= William Selwyn (barrister) =

British lawyer

William Selwyn (1775–1855) was an English lawyer, known as a legal author.

==Life==
He was the second son of William Selwyn, treasurer of Lincoln's Inn in 1793, by Frances Elizabeth, daughter of John Dod of Woodford, Essex. George Augustus Selwyn, the wit, was his father's first cousin. He was educated at Eton College, and St. John's and Trinity Colleges, Cambridge, where he graduated B.A. in 1797, as first chancellor's medallist in classics, senior optime in the Mathematical Tripos; and proceeded M.A. in 1800.

From Lincoln's Inn, where Selwyn was admitted a student in 1797, he was called to the bar on 24 November 1807, and was elected treasurer of his Inn in 1840. He went onto the western circuit, was recorder of Portsmouth from 1819 to 1829, and took silk in the Trinity vacation of 1827.

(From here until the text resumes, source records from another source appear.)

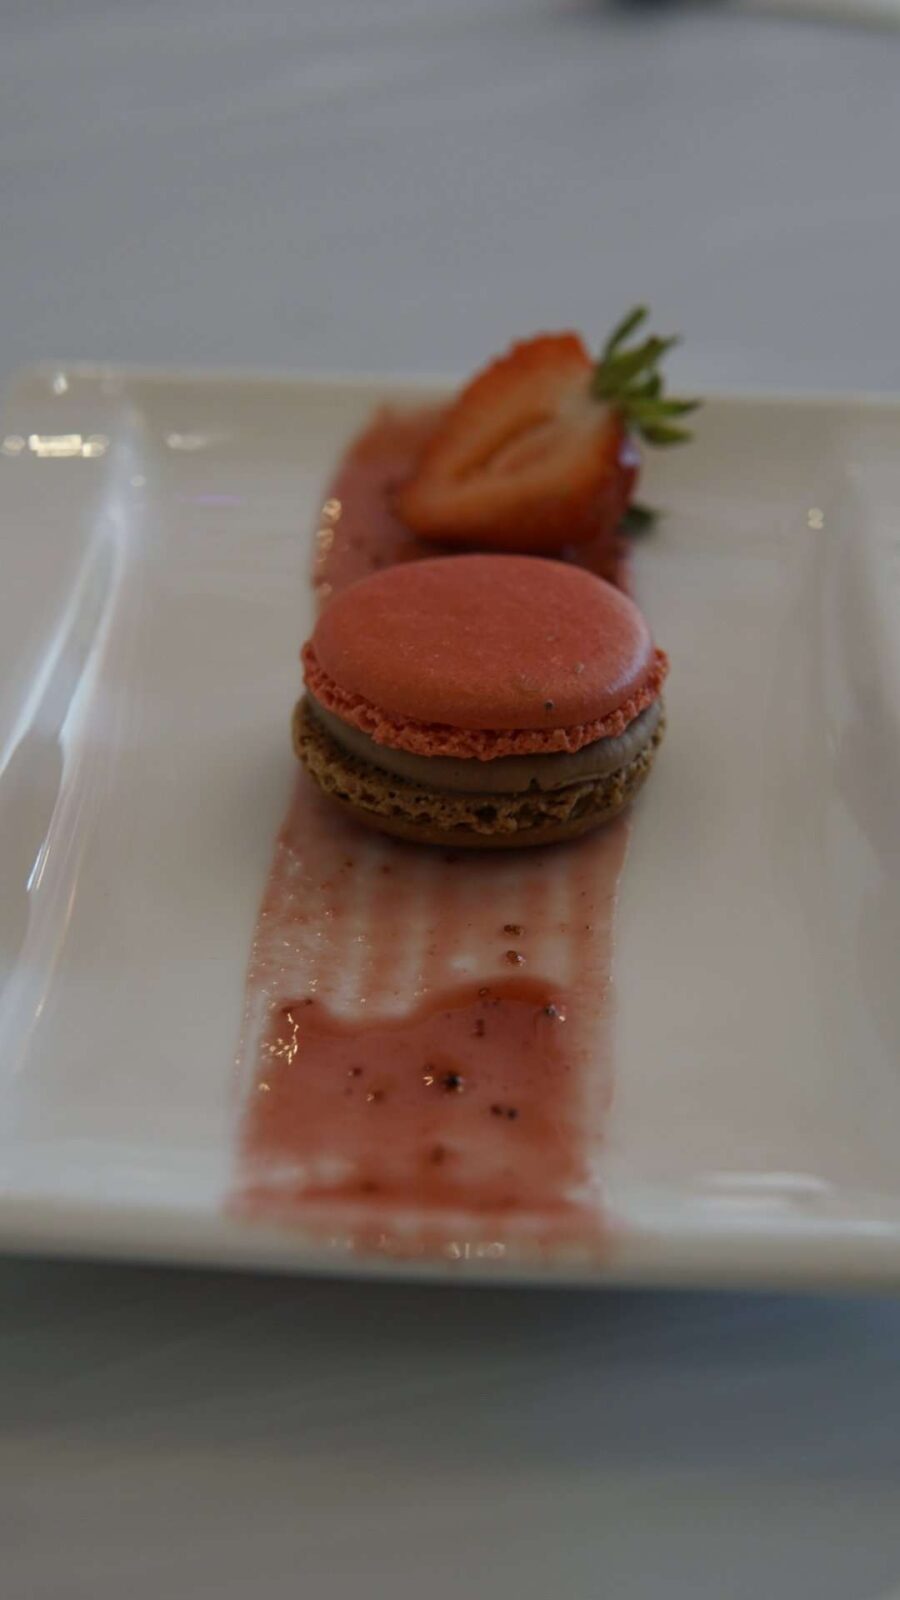 Strawberry sliced with macaron
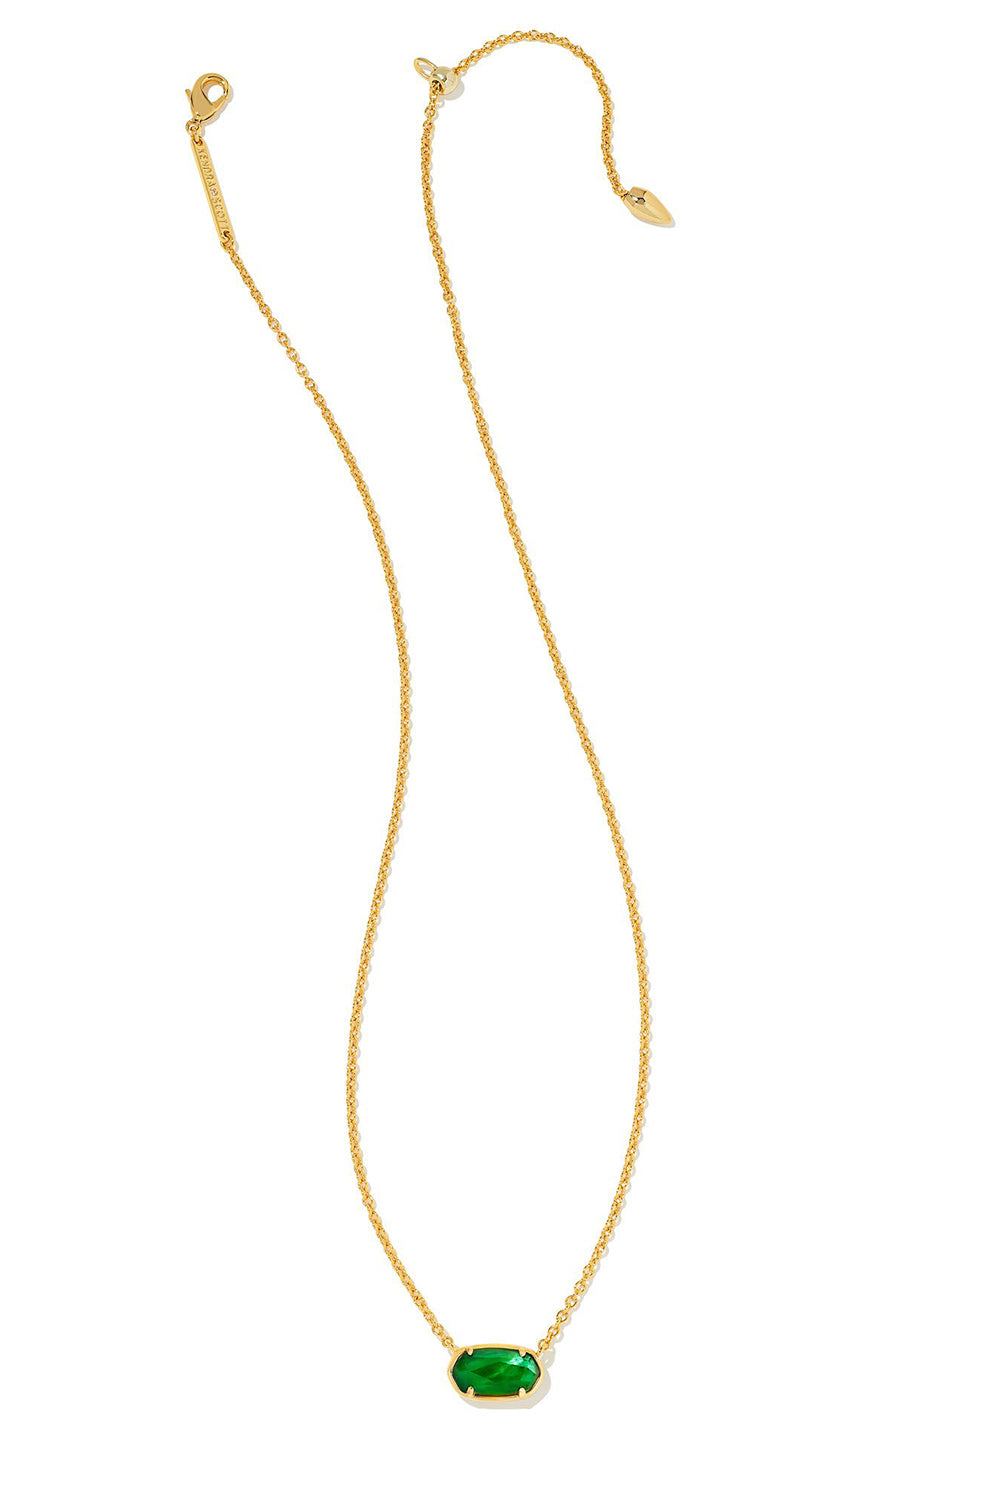 Kendra Scott Grayson Gold Emerald Illusion Necklace | Kiefer Jewelers |  Lutz, FL
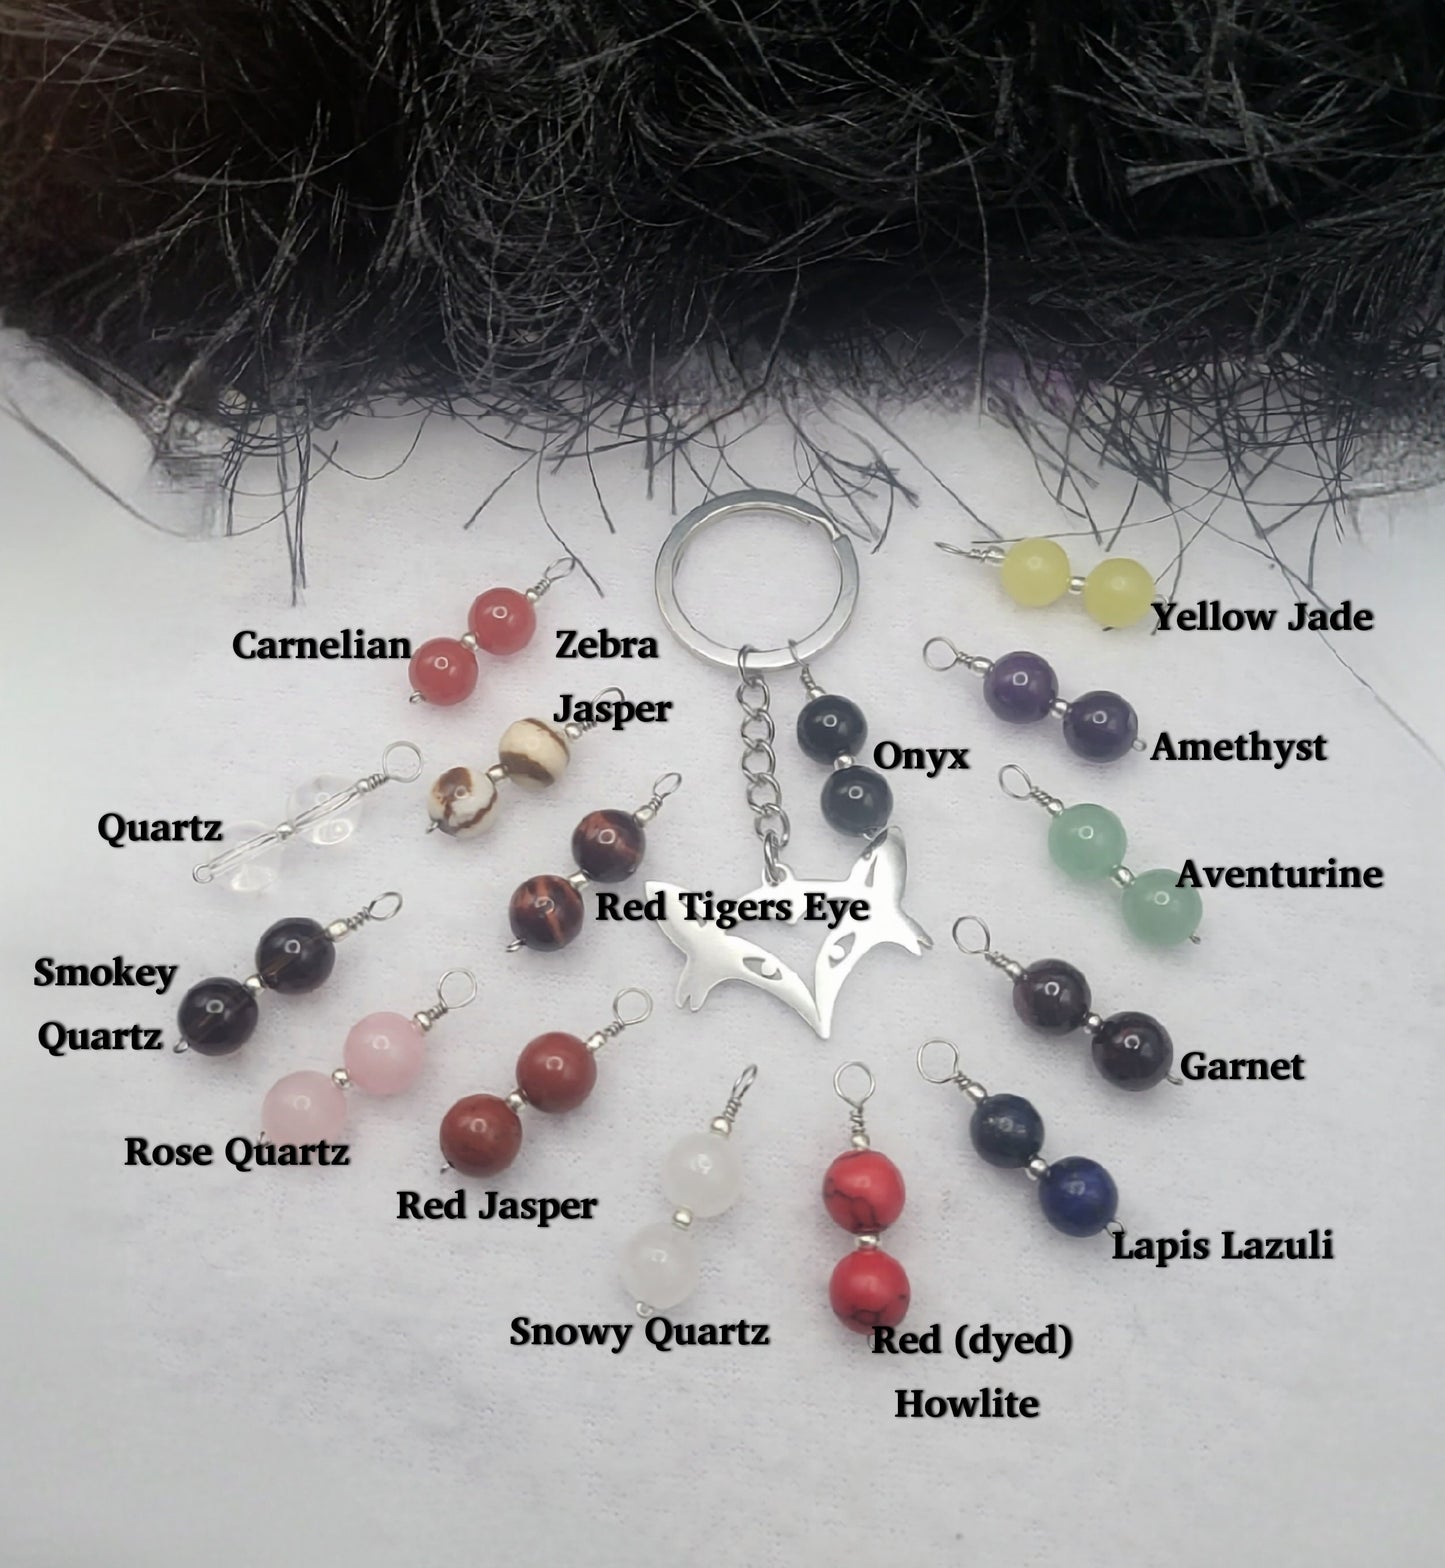 Stainless Steel Hotwife Vixen Keychain with Genuine Gemstone Beads
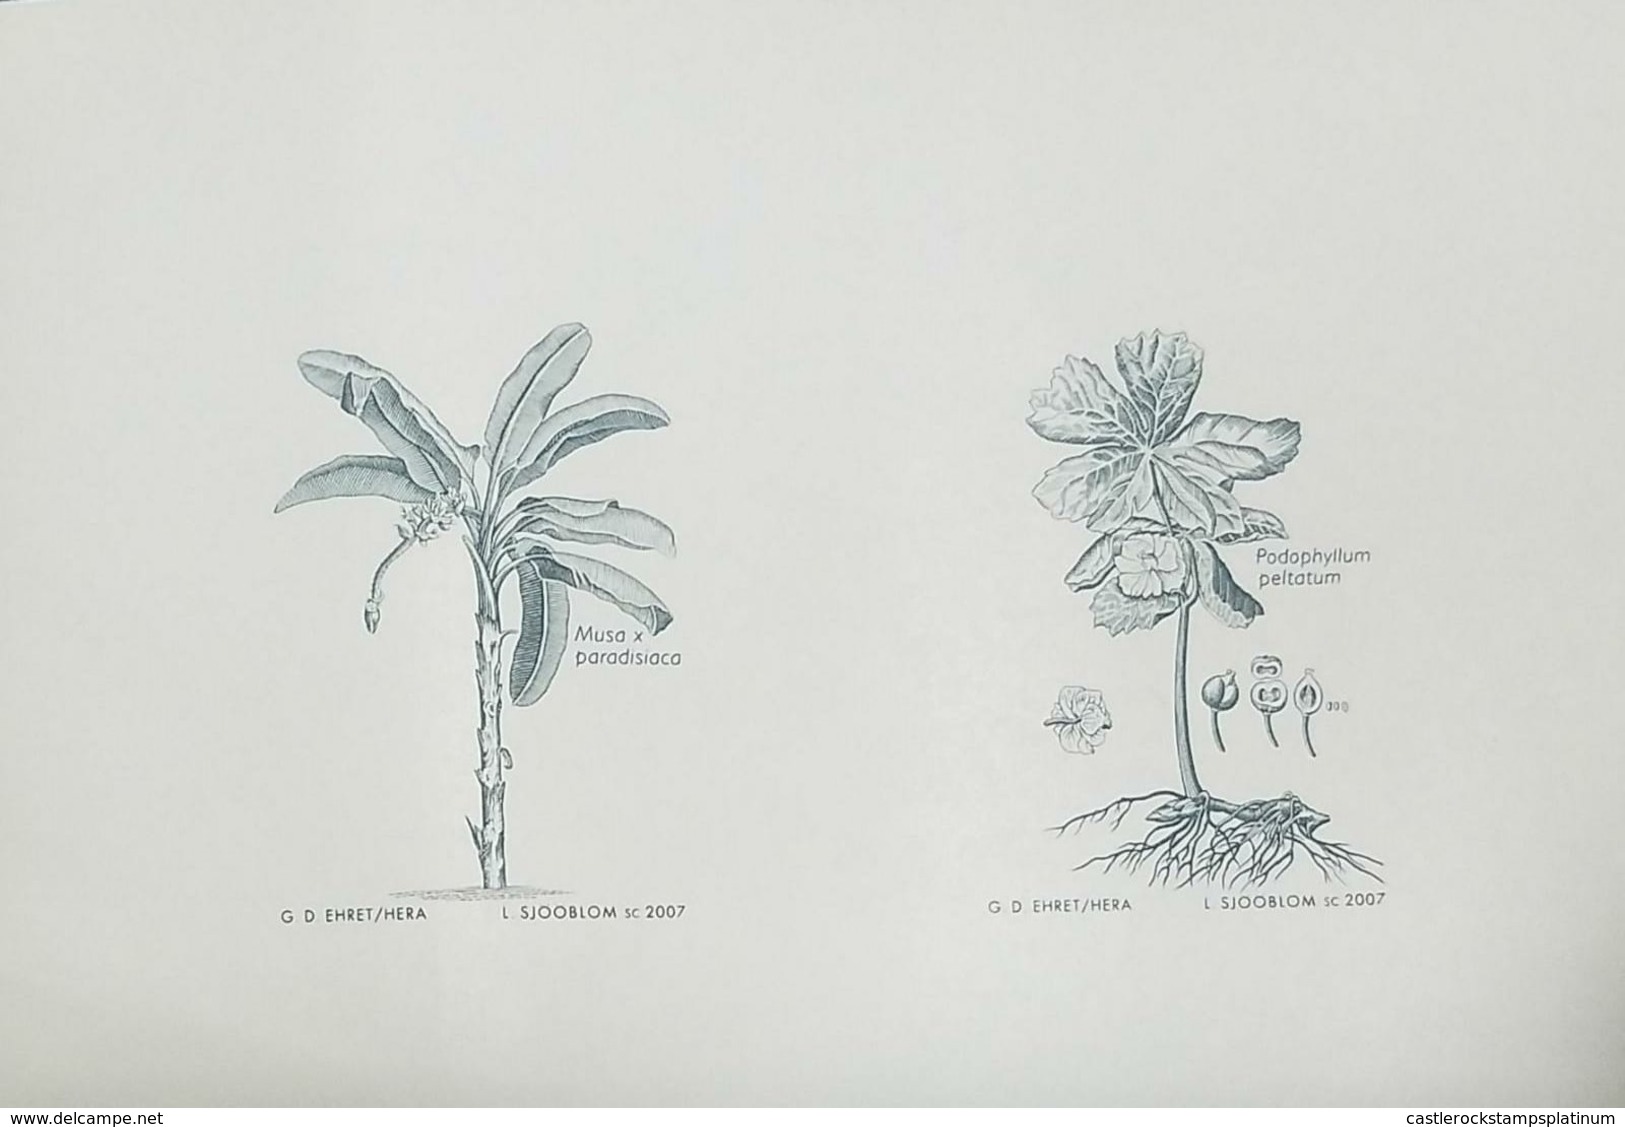 O) 2007 SWEDEN, MEDICINAL PLANTS -MUSA X PARADISIACA - POPOPHYLLUM PELTATUM-BOTANICAL ILLUSTRATON BY GEORG DIONYS EHRET- - Proofs & Reprints

Soon after the marriage of Queen Victoria, Selwyn was chosen to assist Albert, Prince Consort in his legal studies. A valetudinarian in later life, he lived in retirement at Pagoda House, Kew Road, Richmond, Surrey, an estate inherited from his father in 1817. He died on 25 July 1855, while on a visit to Tunbridge Wells, and was buried in the neighbouring churchyard of Rusthall. A road later built near Pagoda House was named Selwyn Avenue after him.

Selwyn provided land for construction of St John the Divine, Richmond. The building was completed in 1836.

==Works==
Selwyn collaborated with George Maule in Reports of Cases argued and determined in the Court of King's Bench, London, 1814, 2 vols. He was author of Abridgment of the Law of Nisi Prius, 3 parts, London, 1806–8. A successful work, its 13th edition, by David Keane, Q.C., and Charles T. Smith, judge of the Cape of Good Hope, appeared in 1869.

==Family==
Selwyn married, in 1801, Lætitia Frances (died 1842), youngest daughter of Thomas Kynaston of Witham, Essex, by whom he had four sons:

1. William Selwyn (1806–1875);
2. George Augustus Selwyn (1808–1878), primate of New Zealand and bishop of Lichfield;
3. Thomas Kynaston (1812–1834), educated at Eton and Trinity College, Cambridge, author of Eton in 1829–1830: a diary of Boating and other Events, written in Greek, edited with memoir by Edmond Warre, 1903;
4. Sir Charles Jasper Selwyn (1813-1869);
and one other son who died in infancy.

and two daughters:

1. Lætitia Frances (1807-1886); and
2. Frances Elizabeth (1815-1903), wife of (1) George Peacock, dean of Ely and (2) William Hepworth Thompson, master of Trinity College, Cambridge.
and two other daughters who died in infancy.